Looking out the window from inside a café in Takoma Park, Maryland, patrons get astraightforward view of the café’s al fresco diners.Nothing too remarkable about the image at first blush, beyond the unusually high level of care afforded to separating the seating from the sidewalk. Not only does the dining space feature attractive, movable wrought iron fencing that loosely matches the furniture, but the a tall and a short potted plant embellish the endpoint of each fence segment. Okay, I’ll grant that the plants themselves look a wee bit disheveled. But the effort is still greater than one might expect.
The seating area is also unexpectedly expansive. Way more expansive, in fact. While the couple featured in the photo is clearly sitting on the bricked portion of the sidewalk, the deuces just beyond them in the background are not. They’re perched in the street……in a metered parking spot, and the outer fence is the only thing protecting the tables from traffic speeding by. Okay, I’ll grant that it’s not exactly speeding; Laurel Avenue is one of the two primary streets in Takoma Park’s commercial downtown, and, filled with four-way stops and unusual kinks and oblique intersections, the conditions in downtown Takoma Park don’t exactly promote high-speed traffic. Only a block of Laurel Street has the characteristics of a commercial road; the remaining two blocks serve institutional or residential uses.
What this means, of course, is that the City of Takoma Park (population 18,000) has sacrificed a parking for the sake of enhancing outdoor civic space, by ceding the land to a local café for al fresco seating. Okay, I’ll grant that it’s a single spot, but it’s an opportunity for potentially hundreds of dollars each week. (After all, unlike the meters featured a few months ago in Carlisle PA, these in Takoma Park have real earning potential.) By most measurements, this is not a radical undertaking. But it does mean that the City has traded a revenue-generating vehicle (the meter) for a space ceded to the public good…except that it’s not public. It’s not a pocket park on the street; it’s the fenced-in domain of the café, and it is reasonable to assume that the café would have the right to restrict these tables to paying customers. According to the City’s website, motorists pay for the on-street parking using the Parkmobile app, suggesting that revenue doesn’t funnel directly to the City’s coffers; a private intermediary manages payment and no doubt collects part of the profits. The City would have to forge an agreement with Parkmobile to get away with sacrificing even just a single parking space and the potential hundreds of dollars the meter raises each week. Under normal conditions, I would call this arrangement a parklet, a sort of easement that reverts on-street parking to a park-like use. The July 2017 issue of Planning magazine features an article that copiously uses the term “parklet”, particularly when a municipality specifically ensures that the pocket park on a former parking space remains open to the general public, much like any other civic space. I will eschew using “parklet” because I’m not certain this “under normal conditions”–that is, I don’t know if the City of Takoma Park has specifically ensured that this space is part of the public streetscape, or if it serves exclusively as enhanced outdoor seating for a single restaurant–and I don’t know if that restaurant can restrict use to its own customers.

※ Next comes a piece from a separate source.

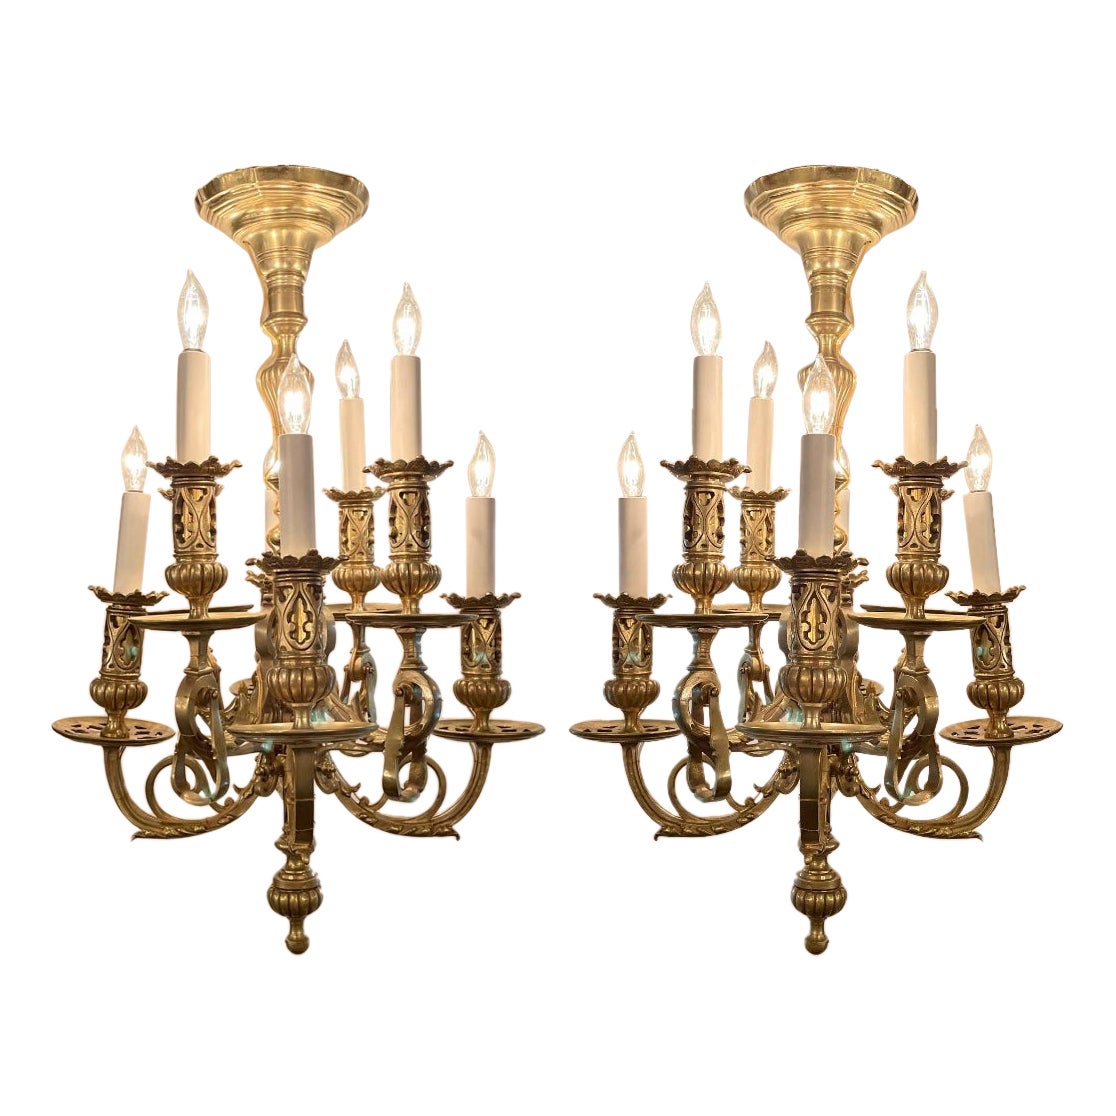 Pair Antique French Louis XIII Style Gold Bronze Chandeliers circa 1860-1870

Therefore, in the absence of a clear definition of the permitted end users, the City has made an unusual bargain, all for the sake of enhancing a small business’s al fresco dining, thereby shortchanging Parkmobile’s capital (those meters) for the benefit of Takoma Beverage Company. It’s just weird. But Takoma Park has never been a community to shy away from strange proposals. As a streetcar suburb to Washington DC that sprouted on hilly countryside about a century ago, the City has the unusual characteristic of straddling two sovereign jurisdictions: the State of Maryland and the District of Columbia, where the area adjacent to the incorporated town is a DC neighborhood simply called Takoma. Even more bizarre: the commercial district of the town straddles Maryland and Washington. While everything depicted in these photos along Laurel Avenue is exclusively in Maryland, one can turn a corner less than five hundred feet to the left and stand in the nation’s capital.

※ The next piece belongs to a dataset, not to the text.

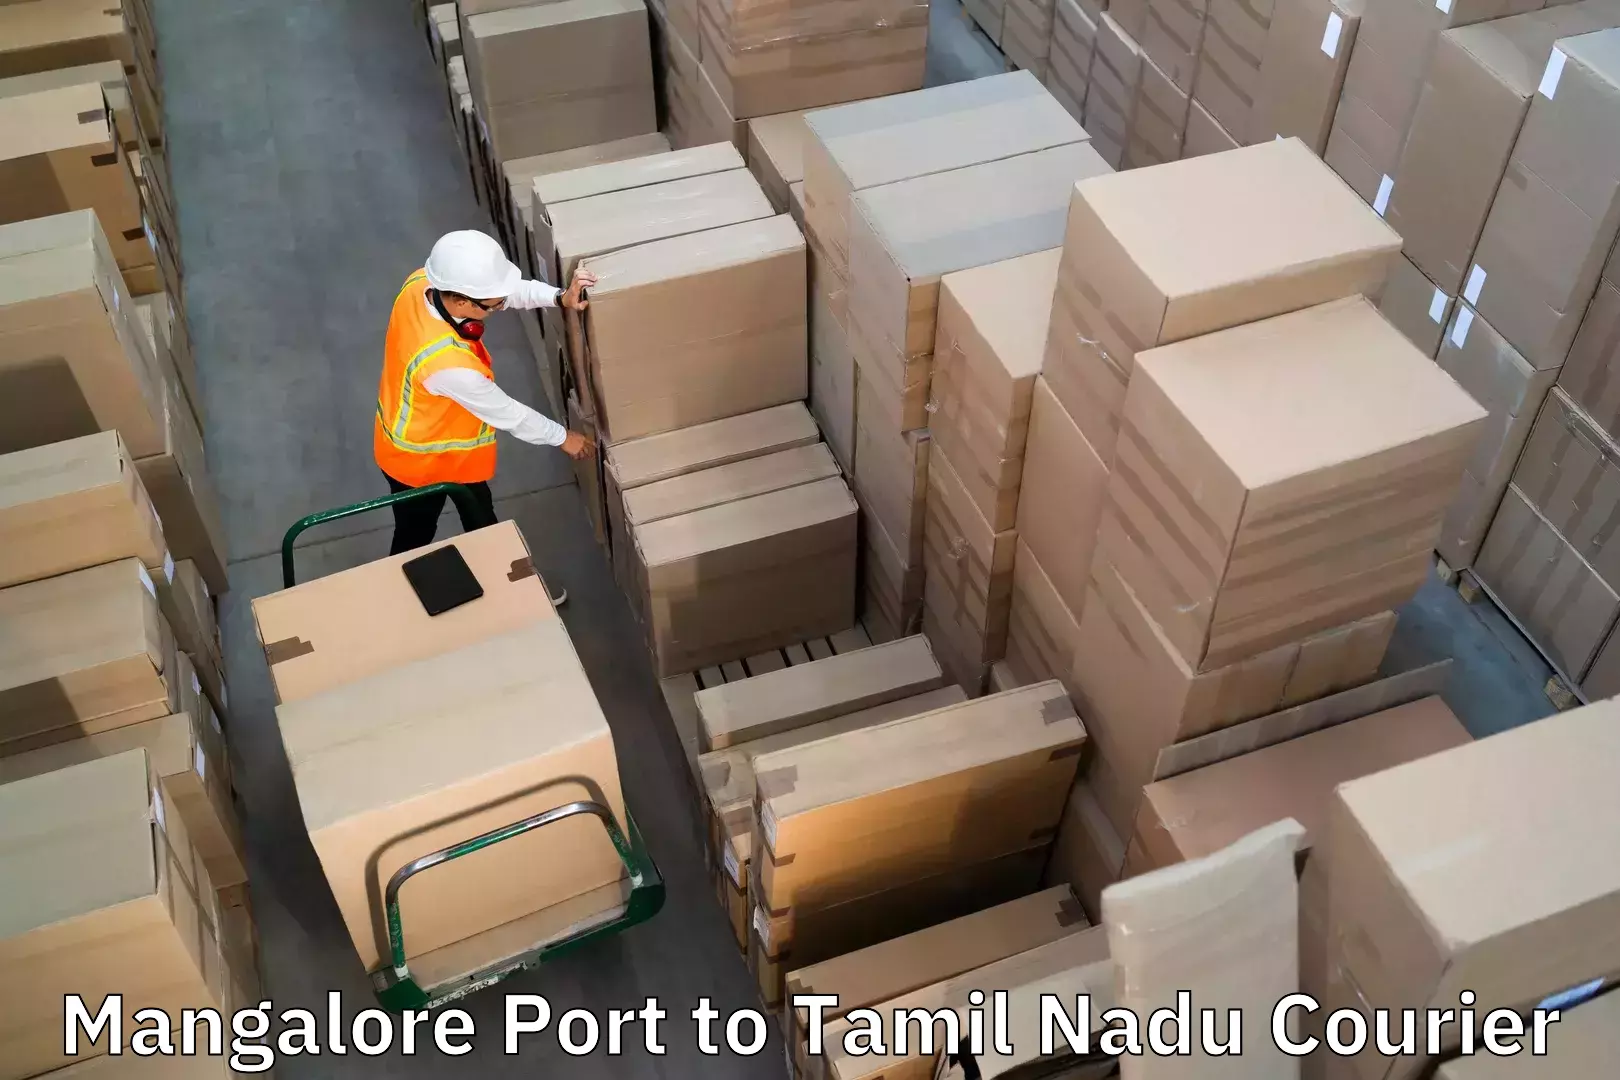 Luggage transport deals Mangalore Port to IIT Madras

Takoma Park’s idiosyncrasies extend to its political climate. The “Azalea City” is one of the most liberal jurisdictions in the country, having pioneered such unusual policies as a self-declared nuclear-free zone; granting suffrage in local elections to 15- and 16-year-olds; and voting for non-citizens and convicted felons. Comprising largely of a near-equal blend of whites and African Americans, it’s among the most integrated communities in an otherwise heavily segregated metropolitan area, and the homeowners manifest their political activism more openly than even most residents in DC, judging from the numerous little signs perched in front yards. Given this penchant for progressive politics, it’s slightly less surprising that Takoma Park has appropriated metered space originally intended to benefit the City (and a national metered parking management program) for the sake of giving a leg up to a locally owned biz. The expanded al fresco is not likely to stretch into the cold weather, and judging from a Google Street View of the same location two summers prior, it’s a newish experiment. The City can afford the mild loss in revenue; it probably developed some sort of escape clause in the contract with Parkmobile that allows this. And who knows? Maybe this extra seating will help keep the coffee (and booze) flowing at Takoma Beverage Company for many years to come.